As part of a concerted an on-going effort to rebuild its collection budget, the Library has dedicated some funds to acquire important resources that it has had to forgo in the past.  I am happy to announce the acquisition of the latest electronic primary source resource.  “Everyday life & women in America c.1800-1920” is drawn from the collections of the Sallie Bingham Center for Women’s History, Duke University and The New York Public Library.  It comprises thousands of fully searchable images and transcriptions of monographs, pamphlets, periodicals, and broadsides addressing 19th and early 20th century political, social and gender issues, religion, race, education, employment, marriage, sexuality, home and family life, health, and pastimes.  With an emphasis on the conduct of life and domestic management literature, the collection is an important companion to Cornell’s own HEARTH database on the history of home economics.
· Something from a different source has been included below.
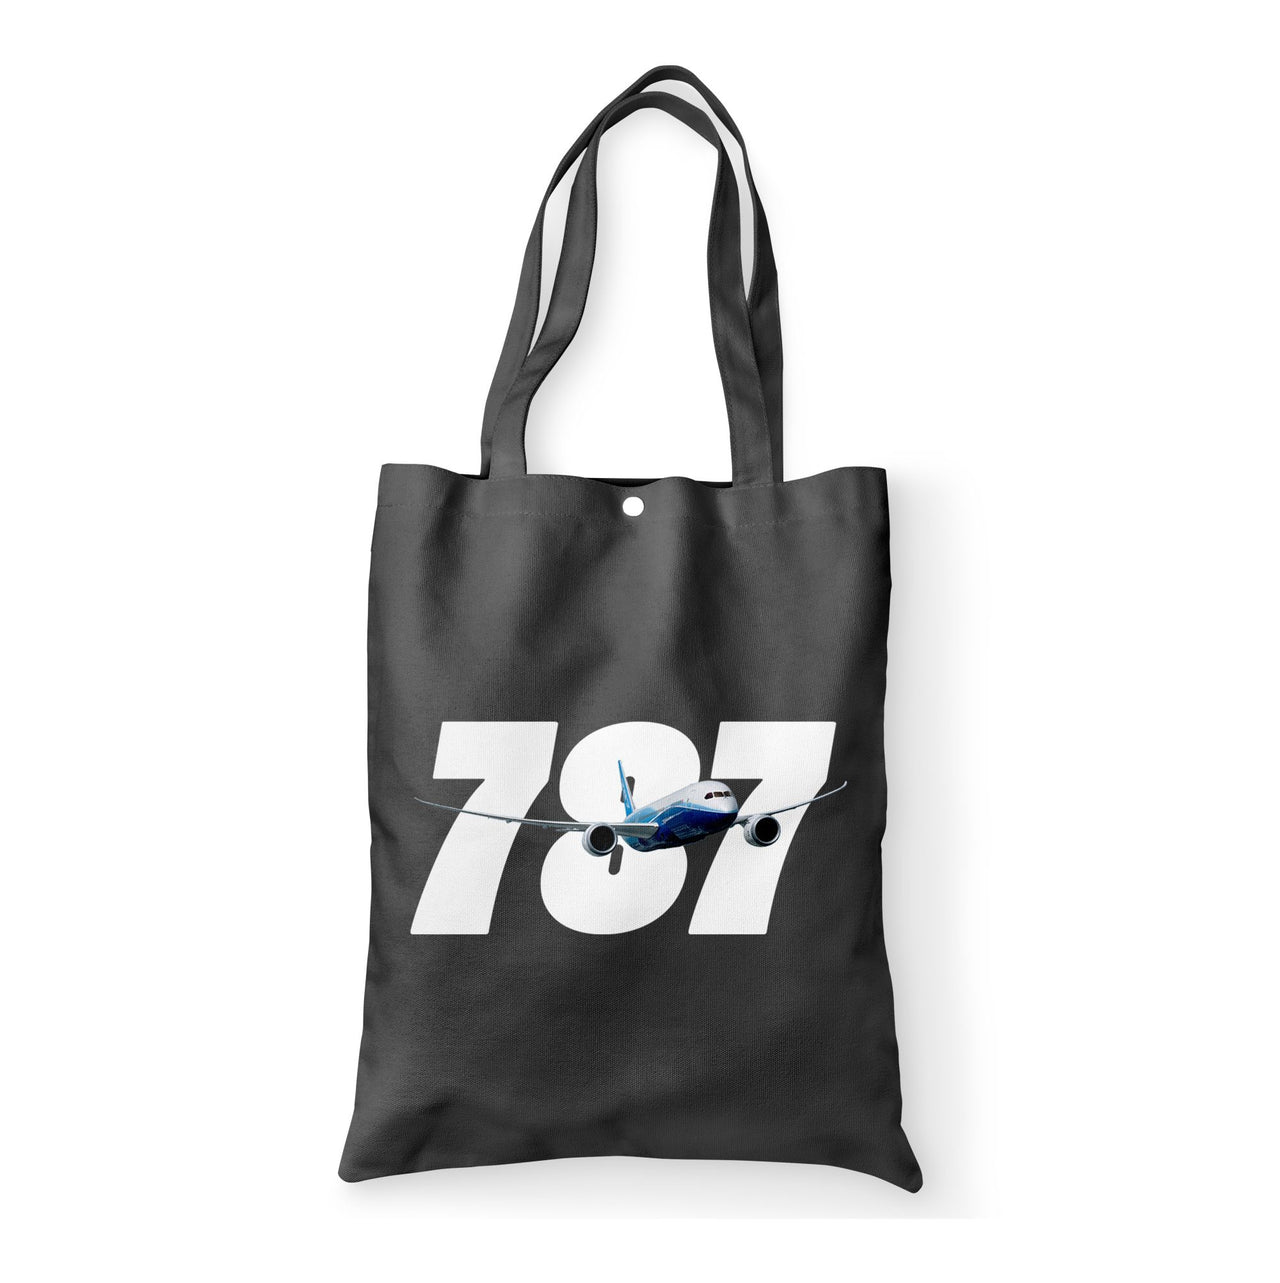 Super Boeing 787 Designed Tote Bags

It is hard to single out individual items among the rare books, pamphlets, and serials, but one of the most interesting titles is Town Topics, the society paper that “chronicled the New York social world during the height of the Gilded Age.”  In one of the useful essays that accompany the collection, Amy Blair notes that the journal “figures prominently in the fiction of Edith Wharton as both the public face (sometimes invited, often disdained) of the elite set and, more distressingly, as a “how-to” manual for the nouveaux riches.”